[Source data]
----------------------------------------
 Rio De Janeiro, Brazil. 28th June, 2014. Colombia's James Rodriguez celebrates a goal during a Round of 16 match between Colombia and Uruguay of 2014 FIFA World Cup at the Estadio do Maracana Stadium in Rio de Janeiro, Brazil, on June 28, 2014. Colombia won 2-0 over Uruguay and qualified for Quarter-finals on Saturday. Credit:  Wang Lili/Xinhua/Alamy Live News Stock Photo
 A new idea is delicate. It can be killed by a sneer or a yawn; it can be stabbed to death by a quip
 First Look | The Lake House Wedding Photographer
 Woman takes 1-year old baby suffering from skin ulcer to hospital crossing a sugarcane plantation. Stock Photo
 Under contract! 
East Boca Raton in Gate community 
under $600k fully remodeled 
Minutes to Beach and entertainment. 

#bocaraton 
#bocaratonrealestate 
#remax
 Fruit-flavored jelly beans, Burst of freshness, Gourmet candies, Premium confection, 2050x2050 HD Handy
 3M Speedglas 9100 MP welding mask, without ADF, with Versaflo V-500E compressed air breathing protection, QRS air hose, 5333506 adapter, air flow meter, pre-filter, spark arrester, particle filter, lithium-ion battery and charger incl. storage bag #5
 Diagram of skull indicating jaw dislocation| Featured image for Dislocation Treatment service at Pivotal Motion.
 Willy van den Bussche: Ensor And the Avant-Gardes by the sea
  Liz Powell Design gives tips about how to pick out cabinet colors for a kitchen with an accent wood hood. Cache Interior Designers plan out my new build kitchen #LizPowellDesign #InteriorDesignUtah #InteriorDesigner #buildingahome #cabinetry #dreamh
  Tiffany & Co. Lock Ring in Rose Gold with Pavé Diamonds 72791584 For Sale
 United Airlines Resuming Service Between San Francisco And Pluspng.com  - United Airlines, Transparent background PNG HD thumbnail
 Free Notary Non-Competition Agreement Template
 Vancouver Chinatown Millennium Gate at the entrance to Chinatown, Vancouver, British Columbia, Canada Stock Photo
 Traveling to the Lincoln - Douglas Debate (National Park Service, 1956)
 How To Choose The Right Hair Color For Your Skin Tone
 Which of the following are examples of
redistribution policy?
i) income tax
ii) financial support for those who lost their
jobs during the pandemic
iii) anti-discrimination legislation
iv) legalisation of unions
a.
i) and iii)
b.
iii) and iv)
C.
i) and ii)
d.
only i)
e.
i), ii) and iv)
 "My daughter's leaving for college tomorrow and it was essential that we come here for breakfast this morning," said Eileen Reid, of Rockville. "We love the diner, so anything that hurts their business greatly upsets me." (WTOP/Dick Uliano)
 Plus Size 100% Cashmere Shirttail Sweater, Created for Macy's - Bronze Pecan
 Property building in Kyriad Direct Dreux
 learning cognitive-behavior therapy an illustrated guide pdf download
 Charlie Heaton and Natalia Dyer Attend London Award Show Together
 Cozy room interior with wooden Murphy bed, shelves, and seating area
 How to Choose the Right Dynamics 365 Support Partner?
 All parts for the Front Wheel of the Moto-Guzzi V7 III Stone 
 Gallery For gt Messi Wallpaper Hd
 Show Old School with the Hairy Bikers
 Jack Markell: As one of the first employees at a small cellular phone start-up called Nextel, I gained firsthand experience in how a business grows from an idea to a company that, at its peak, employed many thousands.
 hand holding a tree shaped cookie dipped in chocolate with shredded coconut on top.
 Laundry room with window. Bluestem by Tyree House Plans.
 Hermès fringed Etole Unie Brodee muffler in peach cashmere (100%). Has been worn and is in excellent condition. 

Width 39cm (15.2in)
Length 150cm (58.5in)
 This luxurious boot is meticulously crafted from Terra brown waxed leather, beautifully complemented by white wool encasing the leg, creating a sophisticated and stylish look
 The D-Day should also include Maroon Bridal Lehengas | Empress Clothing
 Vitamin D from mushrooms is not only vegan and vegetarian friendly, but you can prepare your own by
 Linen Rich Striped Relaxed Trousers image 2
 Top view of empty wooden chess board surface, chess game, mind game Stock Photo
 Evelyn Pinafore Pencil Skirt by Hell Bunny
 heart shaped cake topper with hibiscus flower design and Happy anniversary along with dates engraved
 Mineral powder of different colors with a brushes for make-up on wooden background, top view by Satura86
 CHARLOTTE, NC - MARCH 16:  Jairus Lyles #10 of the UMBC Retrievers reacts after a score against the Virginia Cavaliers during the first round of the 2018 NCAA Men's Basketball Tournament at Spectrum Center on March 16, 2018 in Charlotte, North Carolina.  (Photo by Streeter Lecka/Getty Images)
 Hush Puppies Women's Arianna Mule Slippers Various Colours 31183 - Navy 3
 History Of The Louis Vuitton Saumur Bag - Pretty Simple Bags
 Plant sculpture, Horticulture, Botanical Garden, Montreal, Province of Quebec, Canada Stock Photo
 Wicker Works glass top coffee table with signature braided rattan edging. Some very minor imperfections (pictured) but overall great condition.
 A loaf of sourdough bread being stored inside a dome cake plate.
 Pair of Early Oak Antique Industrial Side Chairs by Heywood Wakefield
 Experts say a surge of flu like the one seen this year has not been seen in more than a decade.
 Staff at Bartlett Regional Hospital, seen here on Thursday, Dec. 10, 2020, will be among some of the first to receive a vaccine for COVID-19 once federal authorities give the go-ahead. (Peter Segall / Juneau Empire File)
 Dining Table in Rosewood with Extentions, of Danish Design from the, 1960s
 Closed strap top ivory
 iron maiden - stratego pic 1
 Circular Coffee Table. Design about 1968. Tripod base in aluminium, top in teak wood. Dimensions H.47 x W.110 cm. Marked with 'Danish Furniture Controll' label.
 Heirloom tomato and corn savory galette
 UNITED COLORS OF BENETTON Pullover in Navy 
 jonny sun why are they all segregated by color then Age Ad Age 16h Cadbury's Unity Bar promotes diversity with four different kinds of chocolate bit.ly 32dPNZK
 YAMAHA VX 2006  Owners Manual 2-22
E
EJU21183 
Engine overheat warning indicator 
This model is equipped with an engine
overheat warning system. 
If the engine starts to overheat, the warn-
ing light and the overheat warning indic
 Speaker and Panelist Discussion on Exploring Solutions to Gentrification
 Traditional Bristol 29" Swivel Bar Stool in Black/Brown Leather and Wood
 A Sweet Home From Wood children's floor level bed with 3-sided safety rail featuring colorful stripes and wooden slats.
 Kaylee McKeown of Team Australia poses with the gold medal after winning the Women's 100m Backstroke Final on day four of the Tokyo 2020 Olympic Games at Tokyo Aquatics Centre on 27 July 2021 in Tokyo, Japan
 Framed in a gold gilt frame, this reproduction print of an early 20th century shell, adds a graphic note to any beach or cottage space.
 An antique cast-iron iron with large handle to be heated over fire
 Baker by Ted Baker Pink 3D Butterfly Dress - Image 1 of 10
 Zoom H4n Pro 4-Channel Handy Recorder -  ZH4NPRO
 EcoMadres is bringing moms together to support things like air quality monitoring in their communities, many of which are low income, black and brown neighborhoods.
----------------------------------------
» **What this task involves**:
Restate all of the entries exactly, please.

» **Response for this exercise**:
 Rio De Janeiro, Brazil. 28th June, 2014. Colombia's James Rodriguez celebrates a goal during a Round of 16 match between Colombia and Uruguay of 2014 FIFA World Cup at the Estadio do Maracana Stadium in Rio de Janeiro, Brazil, on June 28, 2014. Colombia won 2-0 over Uruguay and qualified for Quarter-finals on Saturday. Credit:  Wang Lili/Xinhua/Alamy Live News Stock Photo
 A new idea is delicate. It can be killed by a sneer or a yawn; it can be stabbed to death by a quip
 First Look | The Lake House Wedding Photographer
 Woman takes 1-year old baby suffering from skin ulcer to hospital crossing a sugarcane plantation. Stock Photo
 Under contract! 
East Boca Raton in Gate community 
under $600k fully remodeled 
Minutes to Beach and entertainment. 

#bocaraton 
#bocaratonrealestate 
#remax
 Fruit-flavored jelly beans, Burst of freshness, Gourmet candies, Premium confection, 2050x2050 HD Handy
 3M Speedglas 9100 MP welding mask, without ADF, with Versaflo V-500E compressed air breathing protection, QRS air hose, 5333506 adapter, air flow meter, pre-filter, spark arrester, particle filter, lithium-ion battery and charger incl. storage bag #5
 Diagram of skull indicating jaw dislocation| Featured image for Dislocation Treatment service at Pivotal Motion.
 Willy van den Bussche: Ensor And the Avant-Gardes by the sea
  Liz Powell Design gives tips about how to pick out cabinet colors for a kitchen with an accent wood hood. Cache Interior Designers plan out my new build kitchen #LizPowellDesign #InteriorDesignUtah #InteriorDesigner #buildingahome #cabinetry #dreamh
  Tiffany & Co. Lock Ring in Rose Gold with Pavé Diamonds 72791584 For Sale
 United Airlines Resuming Service Between San Francisco And Pluspng.com  - United Airlines, Transparent background PNG HD thumbnail
 Free Notary Non-Competition Agreement Template
 Vancouver Chinatown Millennium Gate at the entrance to Chinatown, Vancouver, British Columbia, Canada Stock Photo
 Traveling to the Lincoln - Douglas Debate (National Park Service, 1956)
 How To Choose The Right Hair Color For Your Skin Tone
 Which of the following are examples of
redistribution policy?
i) income tax
ii) financial support for those who lost their
jobs during the pandemic
iii) anti-discrimination legislation
iv) legalisation of unions
a.
i) and iii)
b.
iii) and iv)
C.
i) and ii)
d.
only i)
e.
i), ii) and iv)
 "My daughter's leaving for college tomorrow and it was essential that we come here for breakfast this morning," said Eileen Reid, of Rockville. "We love the diner, so anything that hurts their business greatly upsets me." (WTOP/Dick Uliano)
 Plus Size 100% Cashmere Shirttail Sweater, Created for Macy's - Bronze Pecan
 Property building in Kyriad Direct Dreux
 learning cognitive-behavior therapy an illustrated guide pdf download
 Charlie Heaton and Natalia Dyer Attend London Award Show Together
 Cozy room interior with wooden Murphy bed, shelves, and seating area
 How to Choose the Right Dynamics 365 Support Partner?
 All parts for the Front Wheel of the Moto-Guzzi V7 III Stone 
 Gallery For gt Messi Wallpaper Hd
 Show Old School with the Hairy Bikers
 Jack Markell: As one of the first employees at a small cellular phone start-up called Nextel, I gained firsthand experience in how a business grows from an idea to a company that, at its peak, employed many thousands.
 hand holding a tree shaped cookie dipped in chocolate with shredded coconut on top.
 Laundry room with window. Bluestem by Tyree House Plans.
 Hermès fringed Etole Unie Brodee muffler in peach cashmere (100%). Has been worn and is in excellent condition. 

Width 39cm (15.2in)
Length 150cm (58.5in)
 This luxurious boot is meticulously crafted from Terra brown waxed leather, beautifully complemented by white wool encasing the leg, creating a sophisticated and stylish look
 The D-Day should also include Maroon Bridal Lehengas | Empress Clothing
 Vitamin D from mushrooms is not only vegan and vegetarian friendly, but you can prepare your own by
 Linen Rich Striped Relaxed Trousers image 2
 Top view of empty wooden chess board surface, chess game, mind game Stock Photo
 Evelyn Pinafore Pencil Skirt by Hell Bunny
 heart shaped cake topper with hibiscus flower design and Happy anniversary along with dates engraved
 Mineral powder of different colors with a brushes for make-up on wooden background, top view by Satura86
 CHARLOTTE, NC - MARCH 16:  Jairus Lyles #10 of the UMBC Retrievers reacts after a score against the Virginia Cavaliers during the first round of the 2018 NCAA Men's Basketball Tournament at Spectrum Center on March 16, 2018 in Charlotte, North Carolina.  (Photo by Streeter Lecka/Getty Images)
 Hush Puppies Women's Arianna Mule Slippers Various Colours 31183 - Navy 3
 History Of The Louis Vuitton Saumur Bag - Pretty Simple Bags
 Plant sculpture, Horticulture, Botanical Garden, Montreal, Province of Quebec, Canada Stock Photo
 Wicker Works glass top coffee table with signature braided rattan edging. Some very minor imperfections (pictured) but overall great condition.
 A loaf of sourdough bread being stored inside a dome cake plate.
 Pair of Early Oak Antique Industrial Side Chairs by Heywood Wakefield
 Experts say a surge of flu like the one seen this year has not been seen in more than a decade.
 Staff at Bartlett Regional Hospital, seen here on Thursday, Dec. 10, 2020, will be among some of the first to receive a vaccine for COVID-19 once federal authorities give the go-ahead. (Peter Segall / Juneau Empire File)
 Dining Table in Rosewood with Extentions, of Danish Design from the, 1960s
 Closed strap top ivory
 iron maiden - stratego pic 1
 Circular Coffee Table. Design about 1968. Tripod base in aluminium, top in teak wood. Dimensions H.47 x W.110 cm. Marked with 'Danish Furniture Controll' label.
 Heirloom tomato and corn savory galette
 UNITED COLORS OF BENETTON Pullover in Navy 
 jonny sun why are they all segregated by color then Age Ad Age 16h Cadbury's Unity Bar promotes diversity with four different kinds of chocolate bit.ly 32dPNZK
 YAMAHA VX 2006  Owners Manual 2-22
E
EJU21183 
Engine overheat warning indicator 
This model is equipped with an engine
overheat warning system. 
If the engine starts to overheat, the warn-
ing light and the overheat warning indic
 Speaker and Panelist Discussion on Exploring Solutions to Gentrification
 Traditional Bristol 29" Swivel Bar Stool in Black/Brown Leather and Wood
 A Sweet Home From Wood children's floor level bed with 3-sided safety rail featuring colorful stripes and wooden slats.
 Kaylee McKeown of Team Australia poses with the gold medal after winning the Women's 100m Backstroke Final on day four of the Tokyo 2020 Olympic Games at Tokyo Aquatics Centre on 27 July 2021 in Tokyo, Japan
 Framed in a gold gilt frame, this reproduction print of an early 20th century shell, adds a graphic note to any beach or cottage space.
 An antique cast-iron iron with large handle to be heated over fire
 Baker by Ted Baker Pink 3D Butterfly Dress - Image 1 of 10
 Zoom H4n Pro 4-Channel Handy Recorder -  ZH4NPRO
 EcoMadres is bringing moms together to support things like air quality monitoring in their communities, many of which are low income, black and brown neighborhoods.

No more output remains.